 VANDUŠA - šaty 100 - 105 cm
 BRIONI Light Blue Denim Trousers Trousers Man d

---

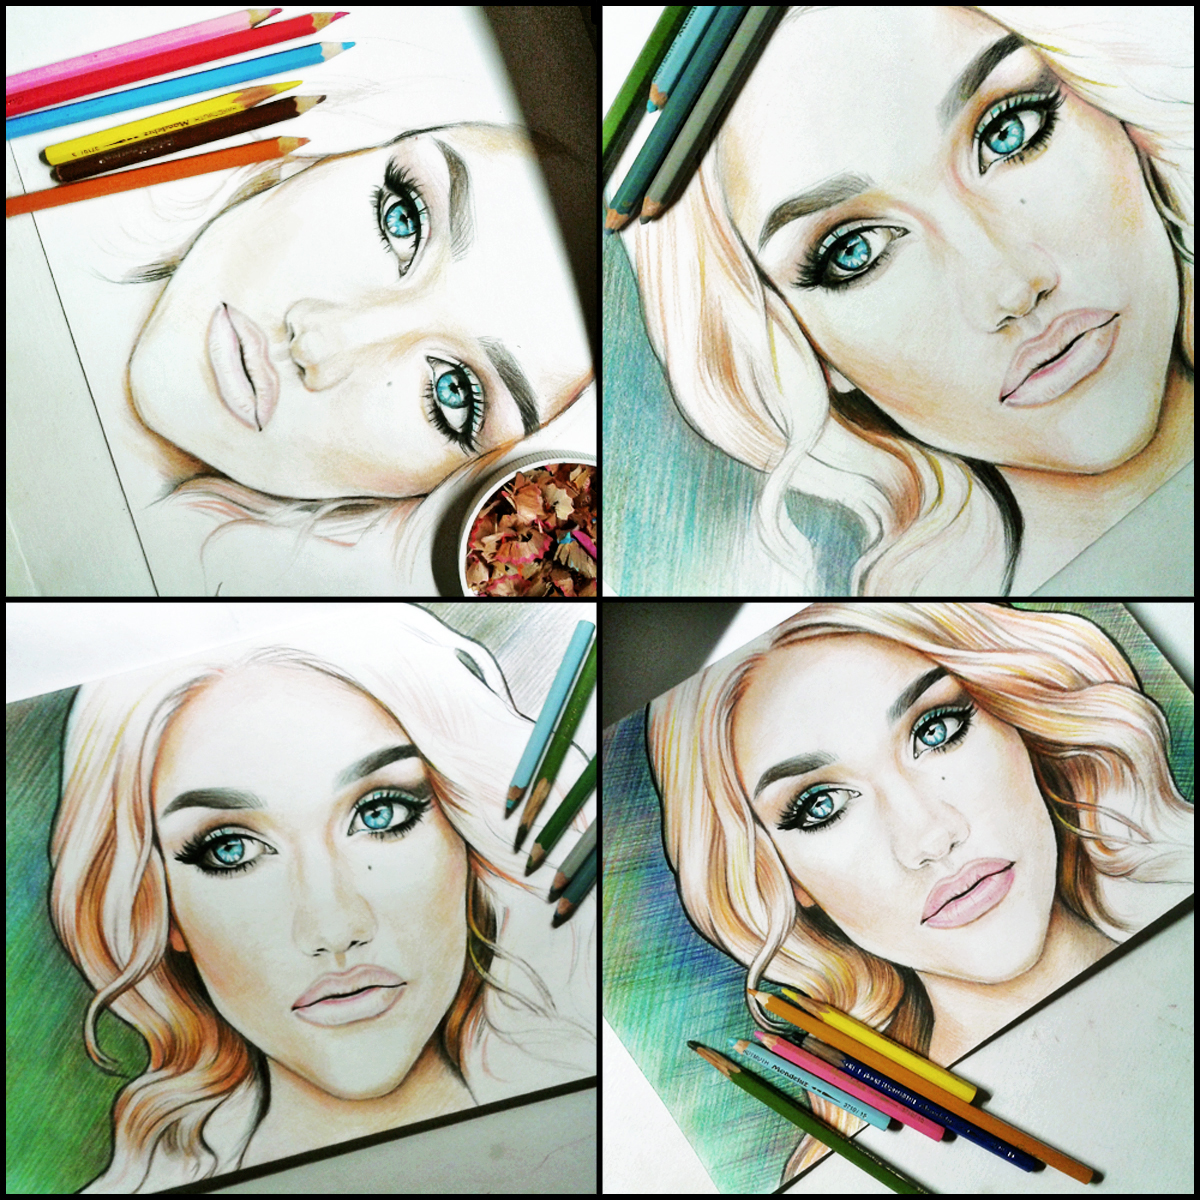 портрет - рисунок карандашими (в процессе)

* _Instructions to follow_:
Copy exactly the stretch of data above from the line with "VANDUŠA - šaty 100 - 105 cm" through the line with "BRIONI Light Blue", and omit all other lines.

* _Solved problem_:
 VANDUŠA - šaty 100 - 105 cm
 BRIONI Light Blue Denim Trousers Trousers Man d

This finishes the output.